[Source data]

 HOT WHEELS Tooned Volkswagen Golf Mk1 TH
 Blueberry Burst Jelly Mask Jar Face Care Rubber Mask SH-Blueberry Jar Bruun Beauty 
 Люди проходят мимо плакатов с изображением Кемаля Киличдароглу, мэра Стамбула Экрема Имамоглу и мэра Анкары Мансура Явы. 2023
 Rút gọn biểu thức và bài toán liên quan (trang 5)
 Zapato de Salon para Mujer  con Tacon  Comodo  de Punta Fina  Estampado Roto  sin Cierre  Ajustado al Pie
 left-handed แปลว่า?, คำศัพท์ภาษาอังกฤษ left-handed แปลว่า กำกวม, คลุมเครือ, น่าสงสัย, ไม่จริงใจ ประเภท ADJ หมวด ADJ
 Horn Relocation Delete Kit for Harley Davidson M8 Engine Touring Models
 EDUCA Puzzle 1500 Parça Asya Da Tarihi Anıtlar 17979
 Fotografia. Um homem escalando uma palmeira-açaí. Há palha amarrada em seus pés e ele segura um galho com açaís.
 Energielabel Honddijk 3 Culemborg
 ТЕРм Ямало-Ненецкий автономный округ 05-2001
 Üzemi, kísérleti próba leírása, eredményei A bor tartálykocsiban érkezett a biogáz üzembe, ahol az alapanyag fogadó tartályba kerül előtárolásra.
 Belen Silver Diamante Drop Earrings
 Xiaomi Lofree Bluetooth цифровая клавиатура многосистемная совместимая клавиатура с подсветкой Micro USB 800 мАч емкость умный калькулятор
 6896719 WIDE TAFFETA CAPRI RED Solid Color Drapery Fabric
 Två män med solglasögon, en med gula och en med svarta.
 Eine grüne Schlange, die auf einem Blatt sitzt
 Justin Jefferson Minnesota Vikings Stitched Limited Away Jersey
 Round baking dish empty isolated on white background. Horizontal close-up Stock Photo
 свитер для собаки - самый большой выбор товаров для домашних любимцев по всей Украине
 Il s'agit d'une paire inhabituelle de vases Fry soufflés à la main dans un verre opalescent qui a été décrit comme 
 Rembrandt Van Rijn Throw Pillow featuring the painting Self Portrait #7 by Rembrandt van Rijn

[/Source data]

■ Your goal:
Could you reproduce all of the entries above exactly?

■ Result of the task:
 HOT WHEELS Tooned Volkswagen Golf Mk1 TH
 Blueberry Burst Jelly Mask Jar Face Care Rubber Mask SH-Blueberry Jar Bruun Beauty 
 Люди проходят мимо плакатов с изображением Кемаля Киличдароглу, мэра Стамбула Экрема Имамоглу и мэра Анкары Мансура Явы. 2023
 Rút gọn biểu thức và bài toán liên quan (trang 5)
 Zapato de Salon para Mujer  con Tacon  Comodo  de Punta Fina  Estampado Roto  sin Cierre  Ajustado al Pie
 left-handed แปลว่า?, คำศัพท์ภาษาอังกฤษ left-handed แปลว่า กำกวม, คลุมเครือ, น่าสงสัย, ไม่จริงใจ ประเภท ADJ หมวด ADJ
 Horn Relocation Delete Kit for Harley Davidson M8 Engine Touring Models
 EDUCA Puzzle 1500 Parça Asya Da Tarihi Anıtlar 17979
 Fotografia. Um homem escalando uma palmeira-açaí. Há palha amarrada em seus pés e ele segura um galho com açaís.
 Energielabel Honddijk 3 Culemborg
 ТЕРм Ямало-Ненецкий автономный округ 05-2001
 Üzemi, kísérleti próba leírása, eredményei A bor tartálykocsiban érkezett a biogáz üzembe, ahol az alapanyag fogadó tartályba kerül előtárolásra.
 Belen Silver Diamante Drop Earrings
 Xiaomi Lofree Bluetooth цифровая клавиатура многосистемная совместимая клавиатура с подсветкой Micro USB 800 мАч емкость умный калькулятор
 6896719 WIDE TAFFETA CAPRI RED Solid Color Drapery Fabric
 Två män med solglasögon, en med gula och en med svarta.
 Eine grüne Schlange, die auf einem Blatt sitzt
 Justin Jefferson Minnesota Vikings Stitched Limited Away Jersey
 Round baking dish empty isolated on white background. Horizontal close-up Stock Photo
 свитер для собаки - самый большой выбор товаров для домашних любимцев по всей Украине
 Il s'agit d'une paire inhabituelle de vases Fry soufflés à la main dans un verre opalescent qui a été décrit comme 
 Rembrandt Van Rijn Throw Pillow featuring the painting Self Portrait #7 by Rembrandt van Rijn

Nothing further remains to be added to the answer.